Finance $100,000? A few $100,000? Because "you know you will get paid?"
Even if I did have a collections problem (which I don't) I get a little sceptical at about $1,000 or more. You tell me, how do "know" you will get paid in 30 days? And "they've paid every other time" and a "we got a good working relationship with the customer" is not knowing the future.
I've thought ( and bought into ) both of those self-made lies.
Truth is, nobody knows they will get paid in the future. Not for certain. It may be a 99.99% sure, and that's fine, I'd even take the bet. But it is NOT "knowing" you will get paid.
What level can you handle? I'm a small shop. I would let the customer cover any costs up and over several thousand.

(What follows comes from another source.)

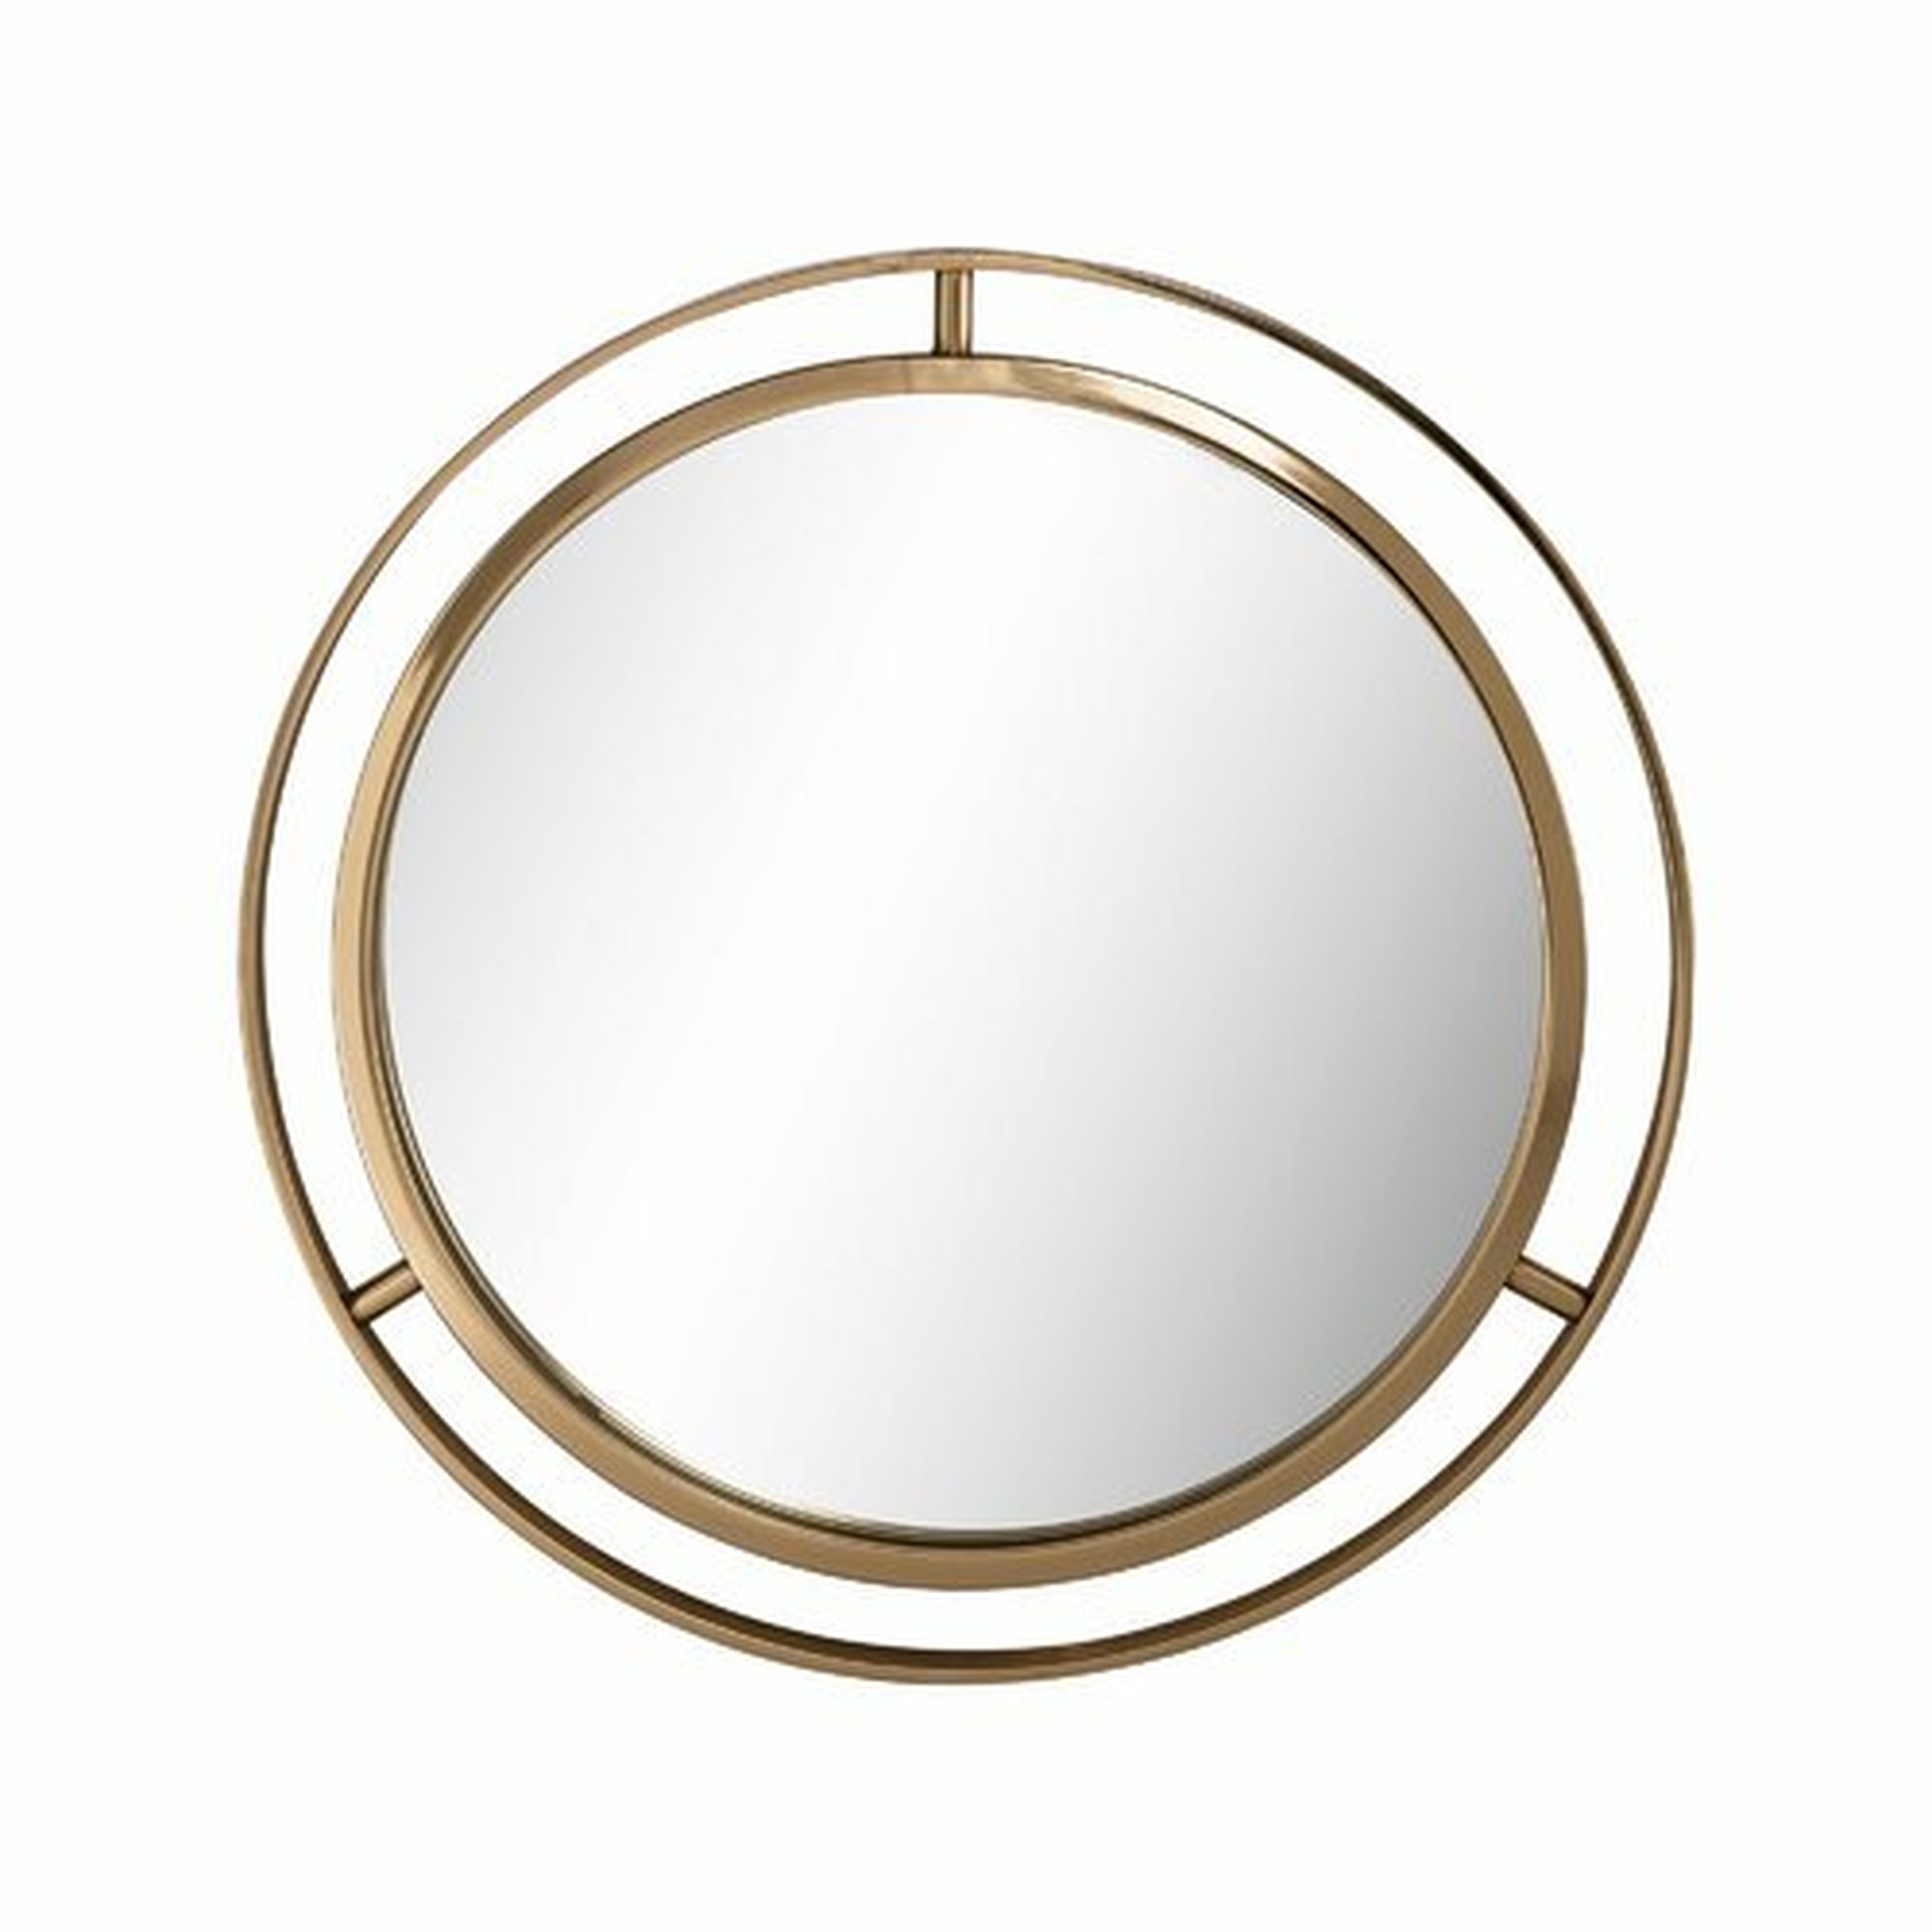 Terwilliger Round Wall Mirror - Wayfair

On the other hand my father, a service tech who worked on ( and whose company sold) million dollar packaging machines told me his company wouldn't get too upset on a no-pay account unless they were 90+ days out after selling the machine. (and these would be at least several hundered thousand dollar machines.)

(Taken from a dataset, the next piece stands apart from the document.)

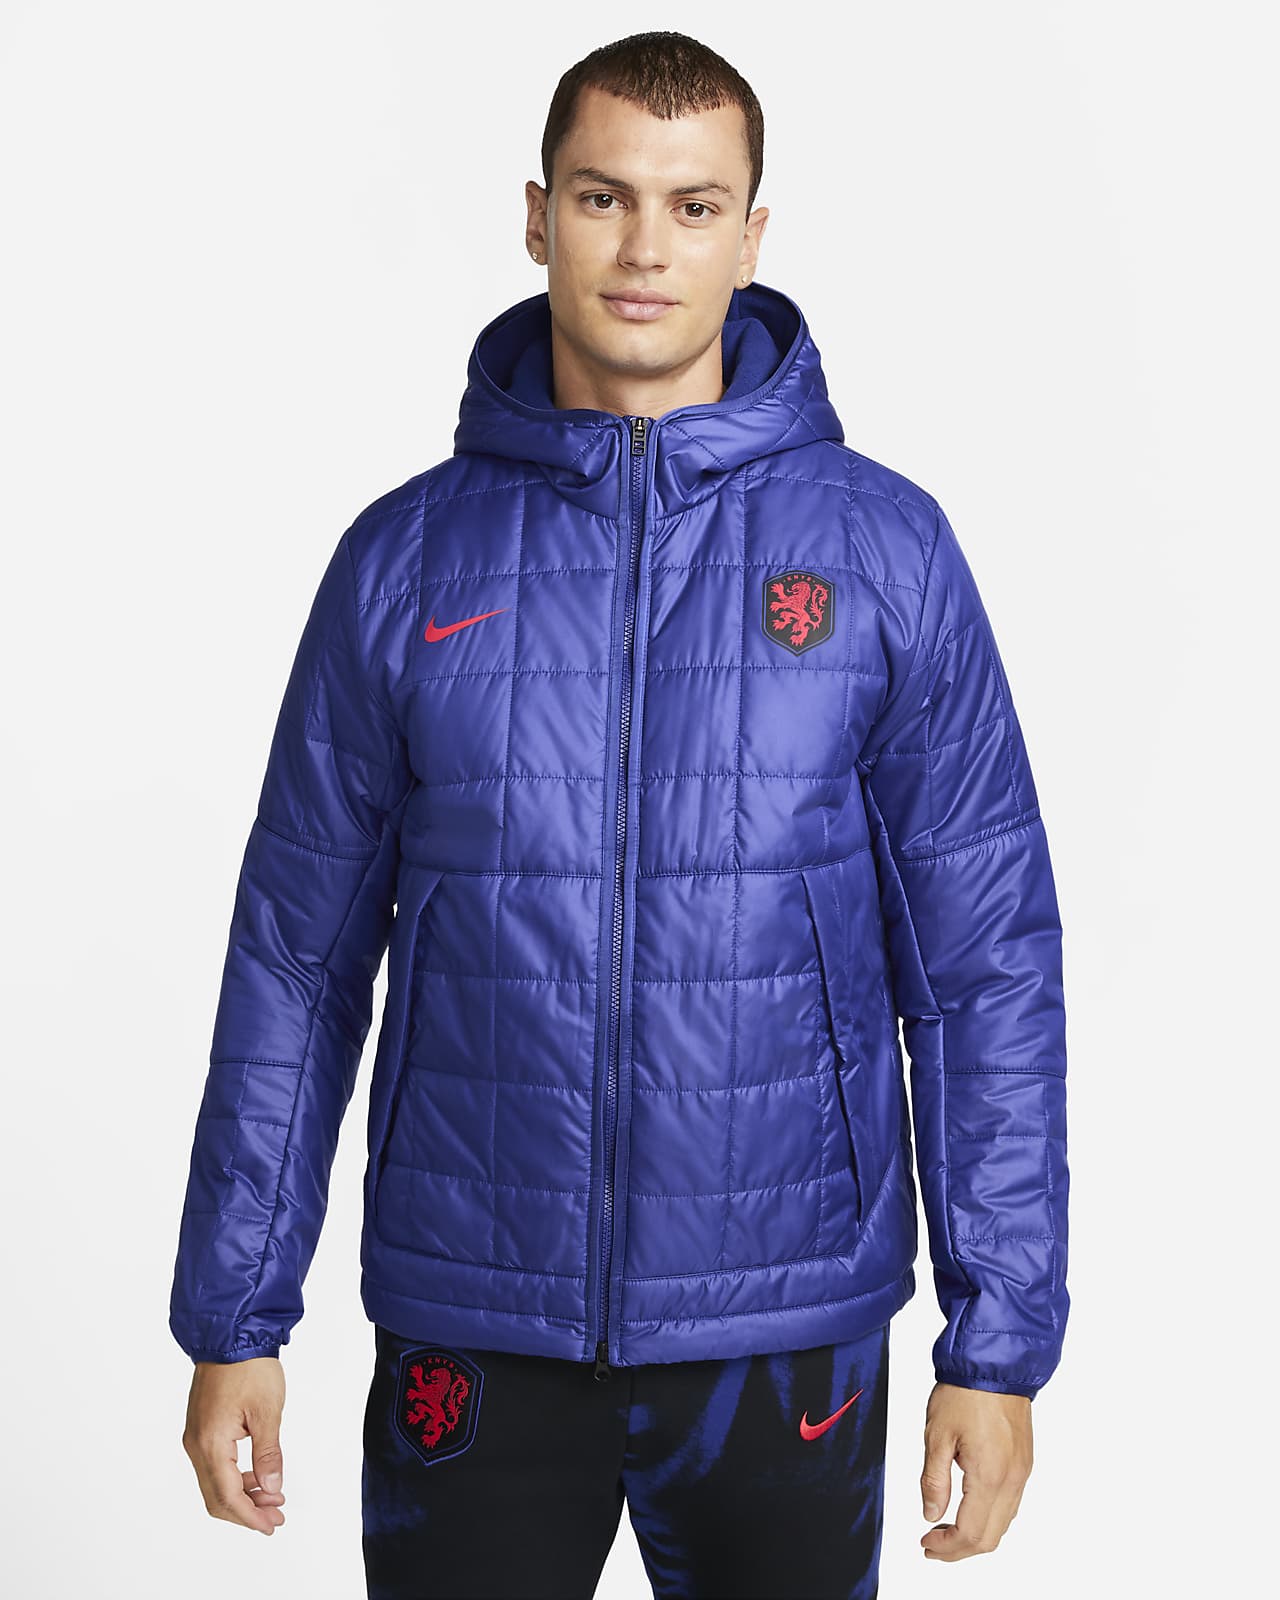 Hollanda Nike Fleece Astarlı Kapüşonlu Erkek Ceketi

A no-pay situation they would sometimes have problems even getting these machines back, seeing a lot were sold out of the country.
Not paid on a few machines, maybe a half million dollars out, no sweat. My dad said they would just cut them off from the service dept ( free service & tech support was somewhat included in the sell & most machines needed some adjustments after install as this was a high speed packaging machine with a LOT of interworking parts moving at very high speeds.) Wanna take $1,000,000 hit?
All depends what level you are at, unless your last name is Trump :grin:.